What the exercise asks: Print the data below verbatim, minus images.

Recorded information:

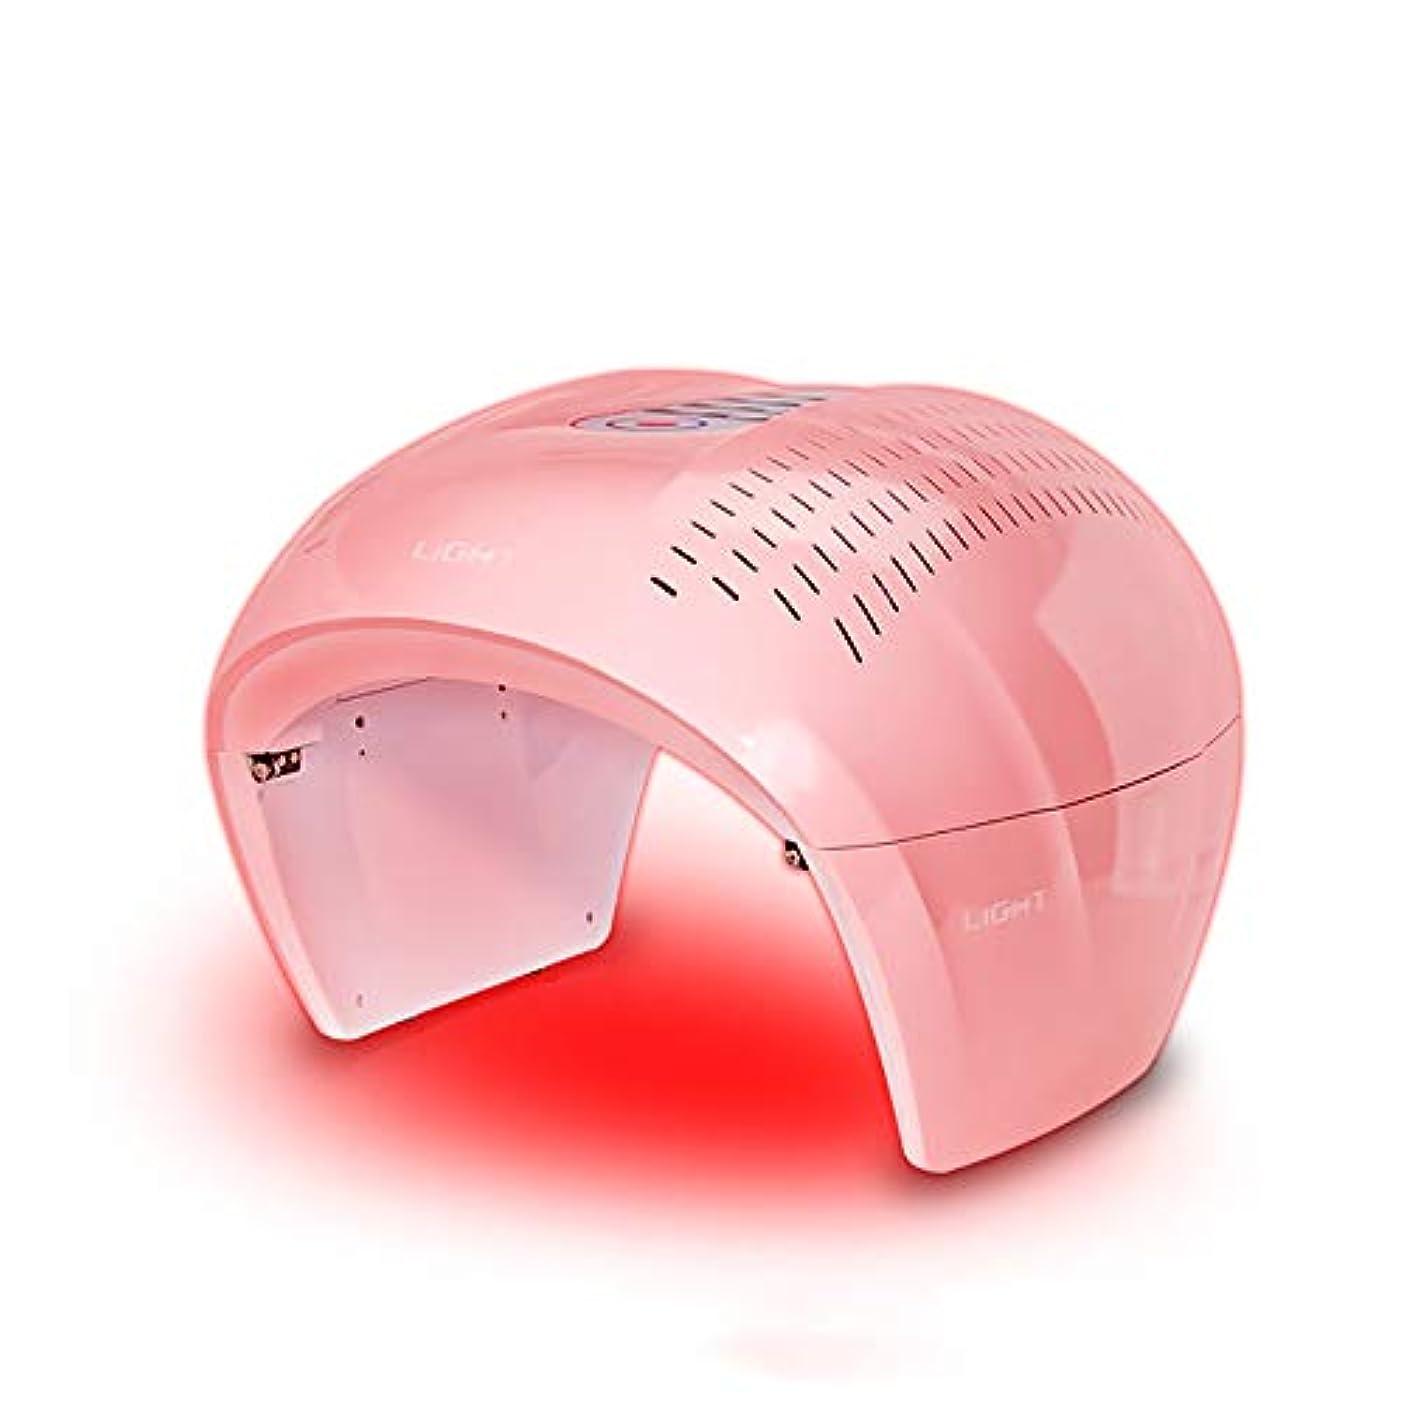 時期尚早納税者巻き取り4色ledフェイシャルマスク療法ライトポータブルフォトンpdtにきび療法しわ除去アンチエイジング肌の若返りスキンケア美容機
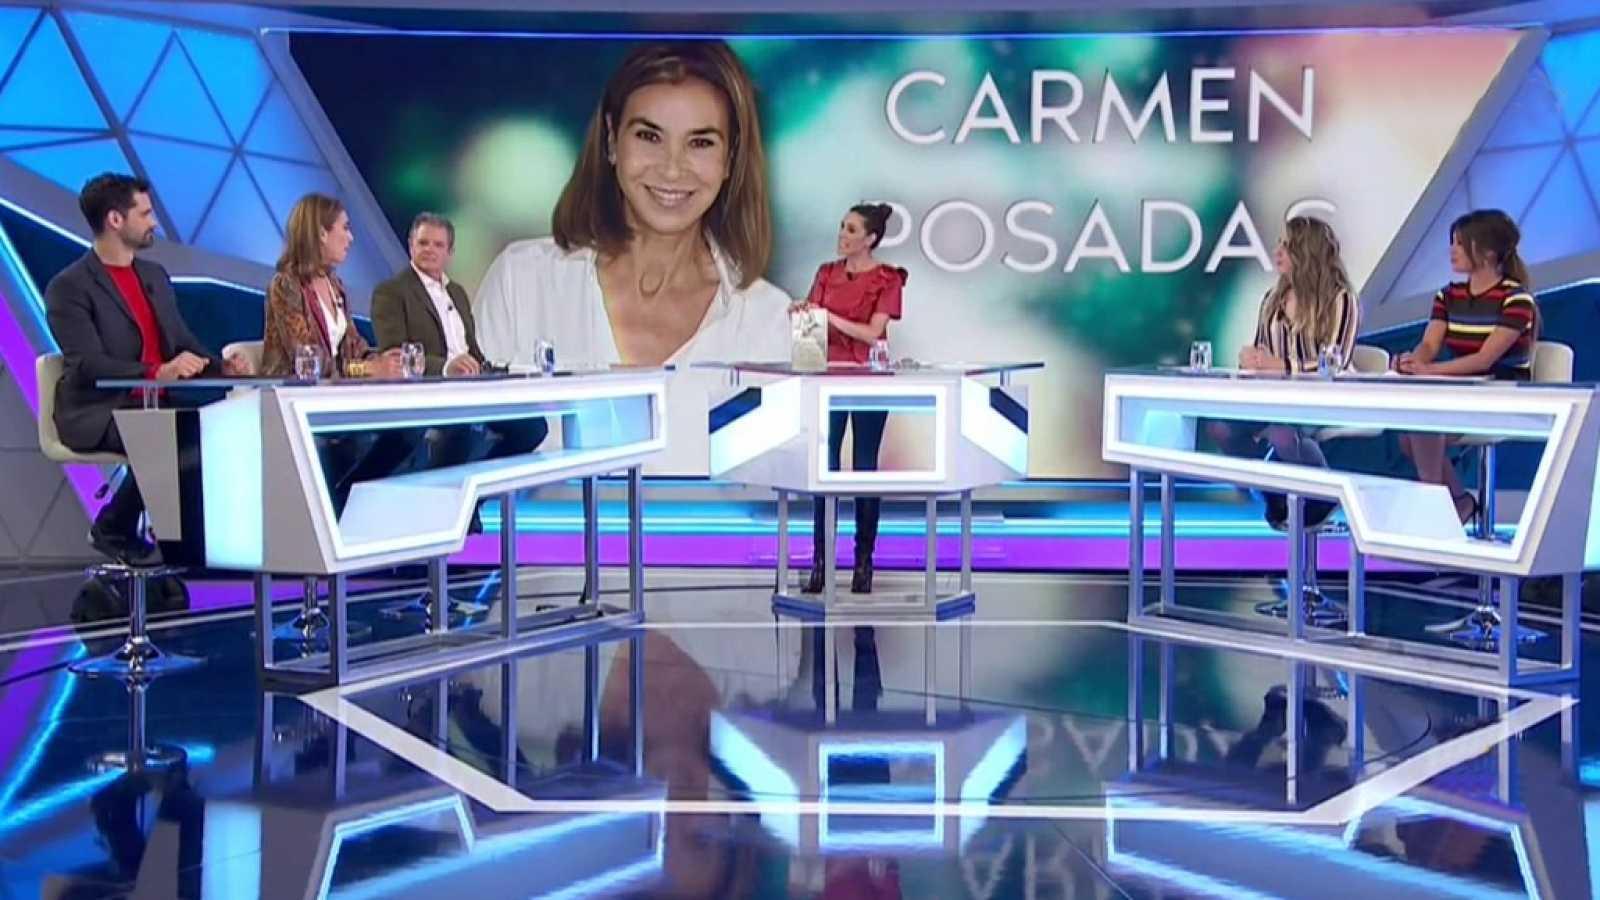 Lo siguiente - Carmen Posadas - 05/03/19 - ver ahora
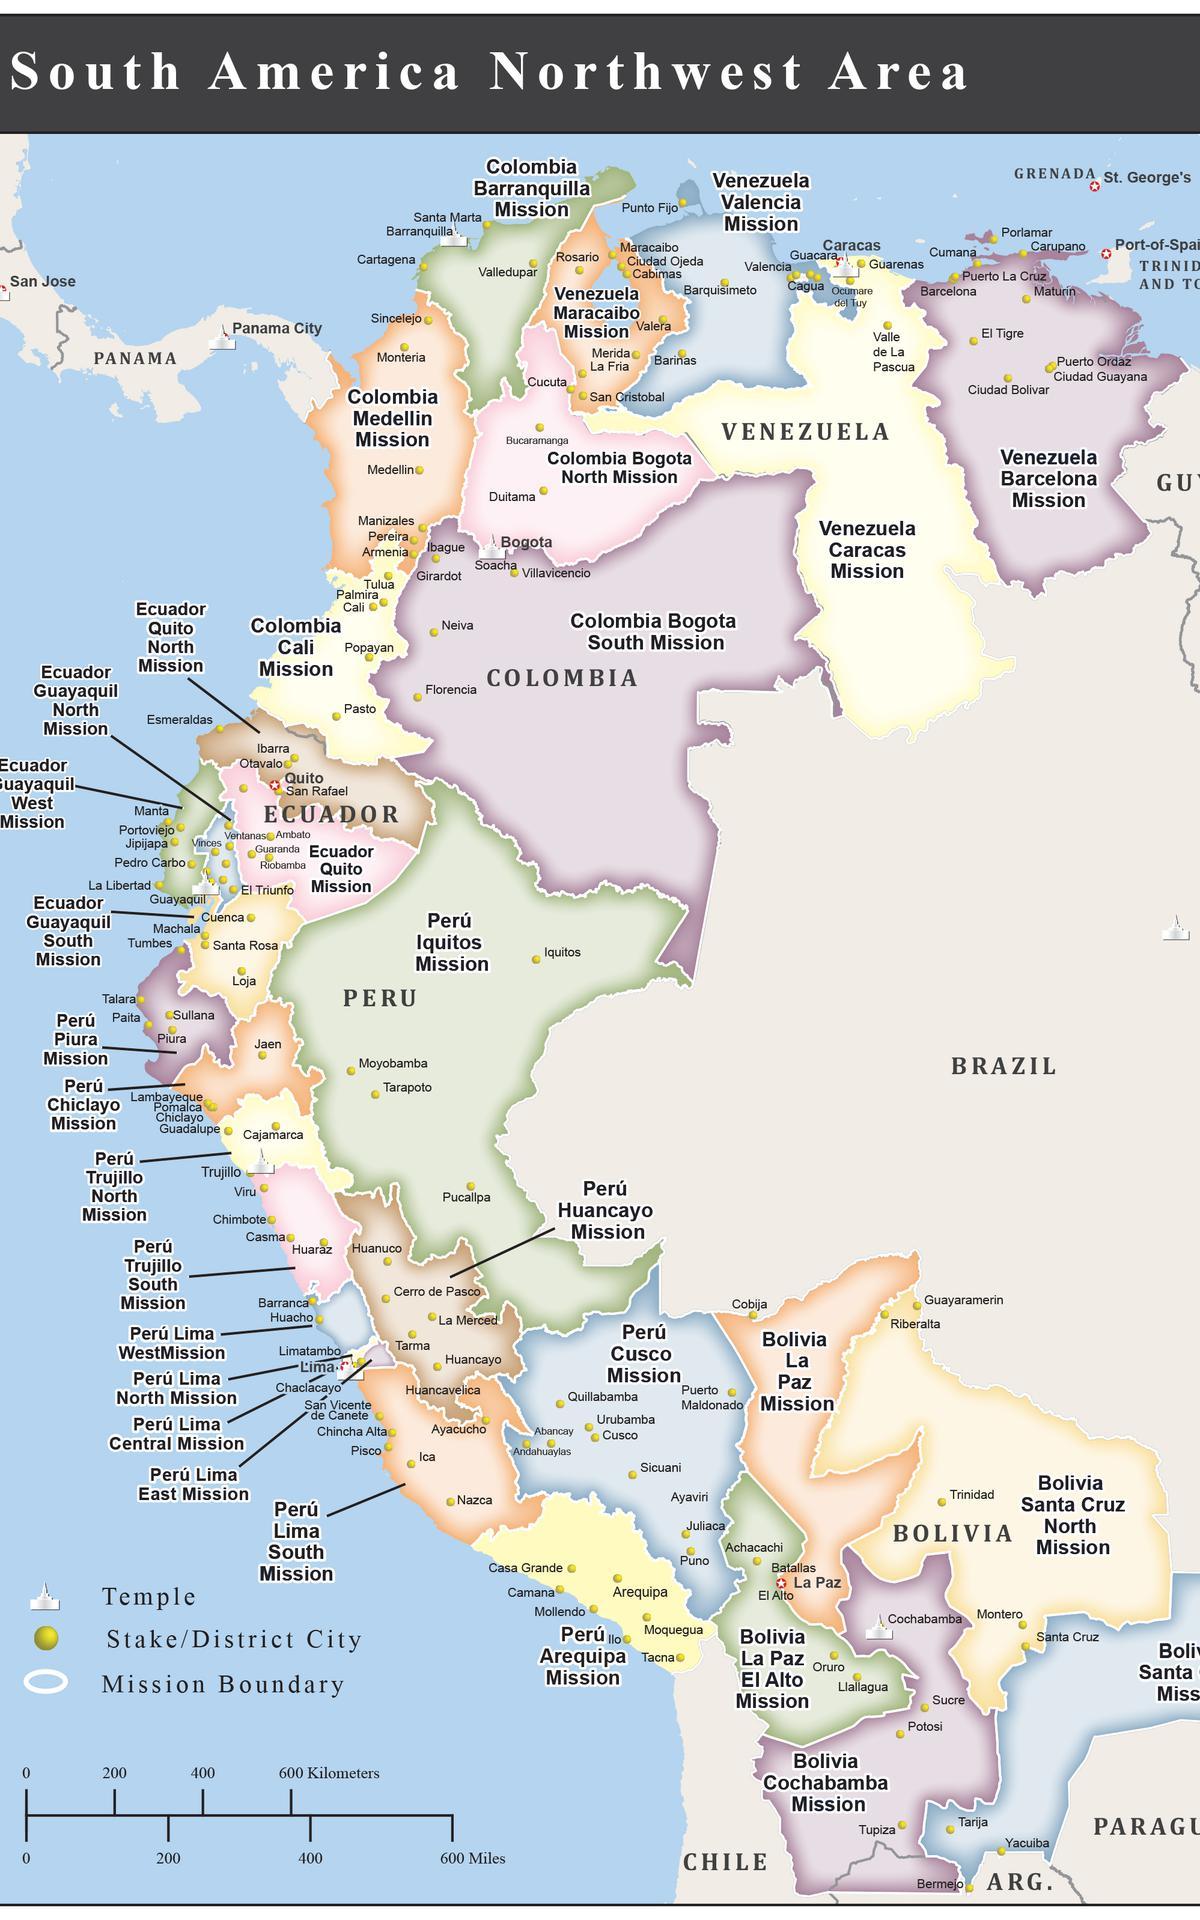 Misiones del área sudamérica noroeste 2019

Your response:
 時期尚早納税者巻き取り4色ledフェイシャルマスク療法ライトポータブルフォトンpdtにきび療法しわ除去アンチエイジング肌の若返りスキンケア美容機
 Lo siguiente - Carmen Posadas - 05/03/19 - ver ahora
 Misiones del área sudamérica noroeste 2019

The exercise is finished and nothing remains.